Le scénario d’une épidémie est d’autant plus crédible que la couverture vaccinale est trop faible. Seuls 79 % des bébés de 2 ans sont vaccinés. Or, avec un virus du niveau de contagiosité du "paramyxovirus" de la rougeole, il faudrait atteindre 95 % de couverture vaccinale afin d’empêcher toute circulation du virus en France.
Une couverture vaccinale nécessaire en Europe
La France est loin d'être isolée face à cette résurgence de la rougeole. Nos voisins italiens, belges et allemands ont été confrontés à une hausse brutale des cas. Plus à l'est, la Roumanie doit elle aussi combattre une épidémie très active.

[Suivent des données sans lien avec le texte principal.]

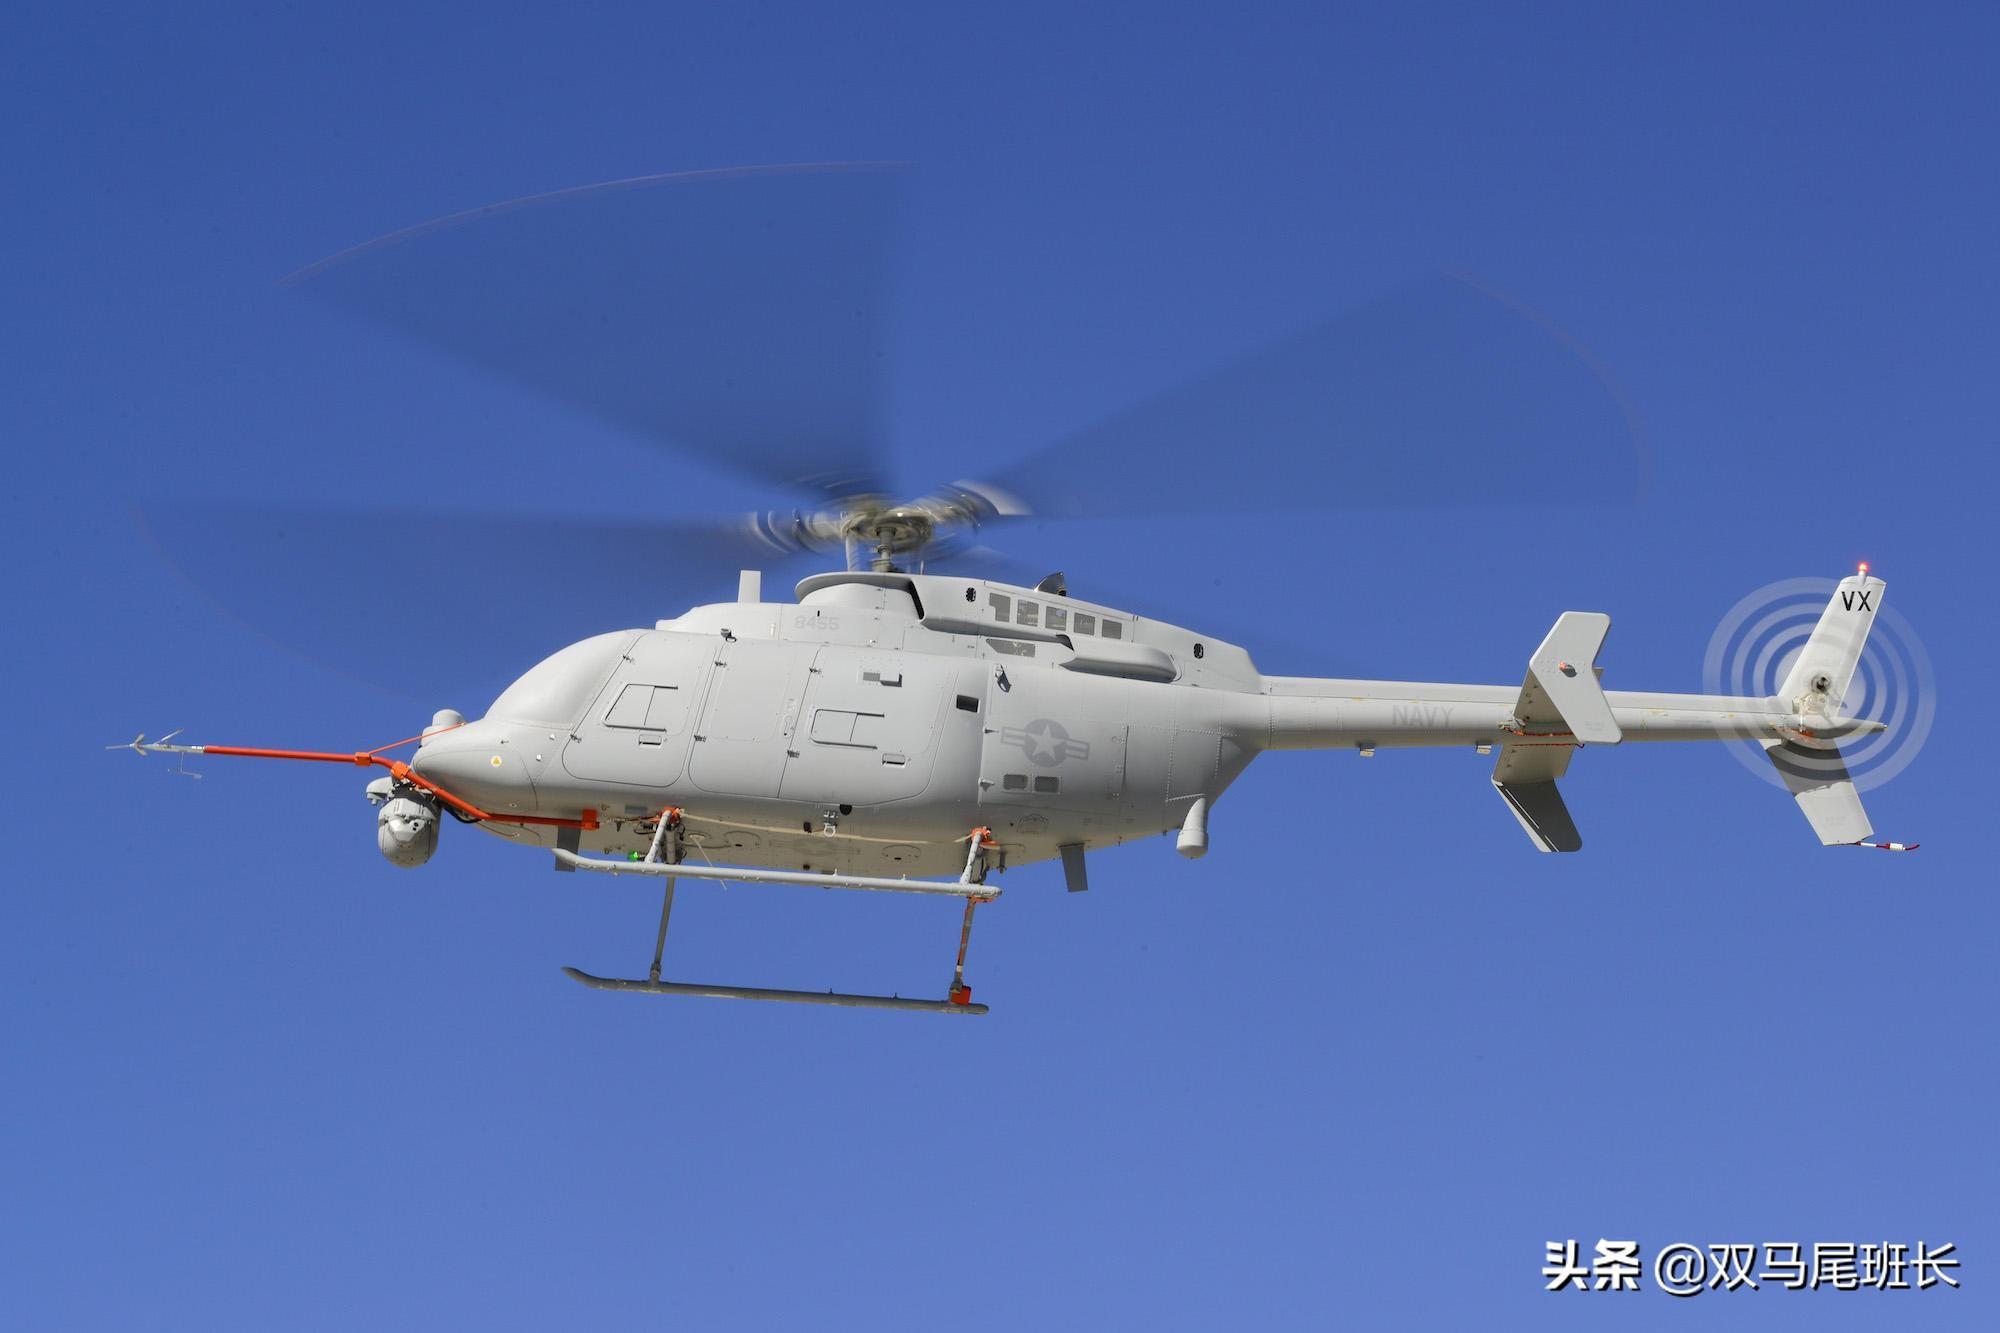 人直升机,该机被称为中国版的火力侦察兵,是一款舰载专用的大型无人

En Europe, un plan d’élimination de la rougeole a donc été mis en place entre 2005 et 2010. On parle d'élimination quand aucune épidémie – même minime – n’a lieu pendant un an ou plus. Il repose sur la vaccination, d'où la logique de l'obligation vaccinale en France à partir de 2018. Celui-ci a très bien marché dans les pays du nord de l'Europe, par exemple aux Pays-Bas où la rougeole a disparu complètement.
La rougeole n’est pas une maladie bénigne
L’Agence Régionale de Santé de Nouvelle-Aquitaine déclare que, sur les 77 cas recensés depuis novembre 2017, douze ont conduit à une hospitalisation, soit plus d'un sur 6 ! Lors de l'épidémie de 2011 en France, plus de 15 000 personnes avaient été contaminées et 10 décès avaient été recensés. Depuis 2008, plus de 23 000 cas de rougeole ont été déclarés en France et plus de 1000 cas de rougeole ont conduit à des complications et des séquelles.

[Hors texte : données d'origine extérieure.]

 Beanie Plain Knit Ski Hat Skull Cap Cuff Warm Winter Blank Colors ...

La rougeole peut se compliquer, en particulier chez des nourrissons ou chez des personnes fragiles, et conduire à une hospitalisation. C’est tout d’abord une pneumonie en rapport avec une surinfection par une bactérie. Il s’agit d’une infection grave du poumon qui peut conduire le malade en réanimation. C’est ensuite un risque d’infection virale du cerveau (« encéphalite »). Ces complications peuvent entraîner le décès et donner des séquelles pulmonaires et neurologiques à vie.

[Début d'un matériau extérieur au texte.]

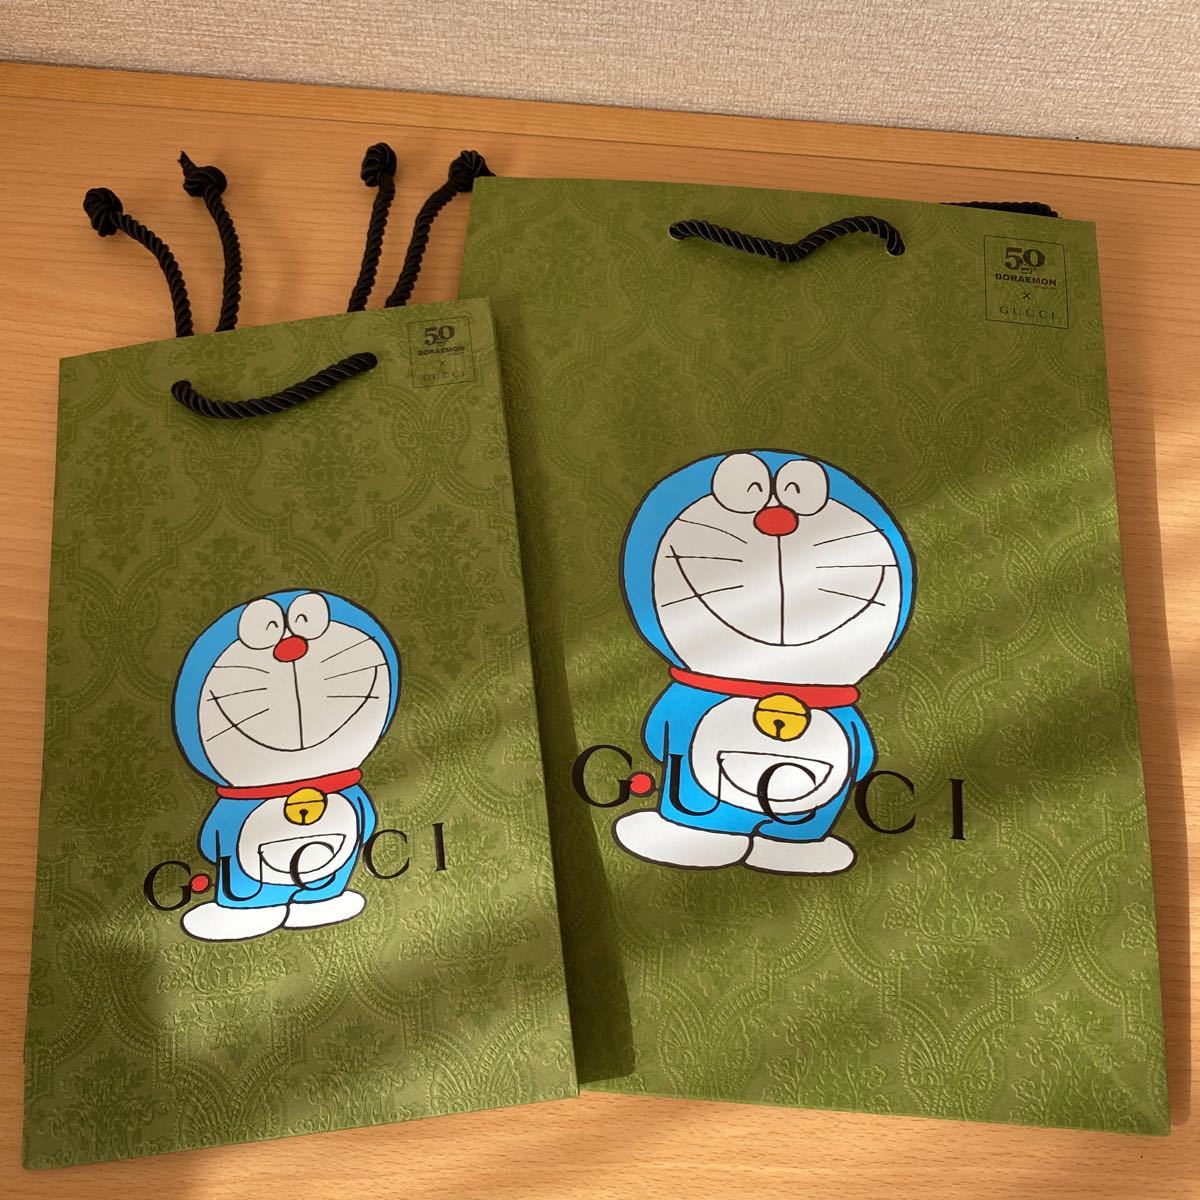  быстрое решение новый товар такой же Doraemon Gucci GUCCIshopa- бумажный пакет 2 листов обычная почта включая доставку

Mobilisation nécessaire des familles et des médecins
Au vu de cette situation, Santé publique France recommande aux familles et aux professionnels de santé de se montrer vigilants. La rougeole est redevenue une maladie à déclaration obligatoire en France. Face à une rougeole, le calendrier vaccinal des proches doit être systématiquement vérifié. Si le schéma est incomplet, une vaccination de rattrapage ou une prophylaxie post-exposition permettront d’enrayer la propagation du virus.
Depuis presque 15 ans, la surveillance avait permis de faire chuter le nombre de cas et de réduire les pics d’épidémie printaniers. Les cas de la région Nouvelle-Aquitaine démontrent que ces efforts sont en voie d'être effacés par la négligence ou la résistance de certains à la vaccination.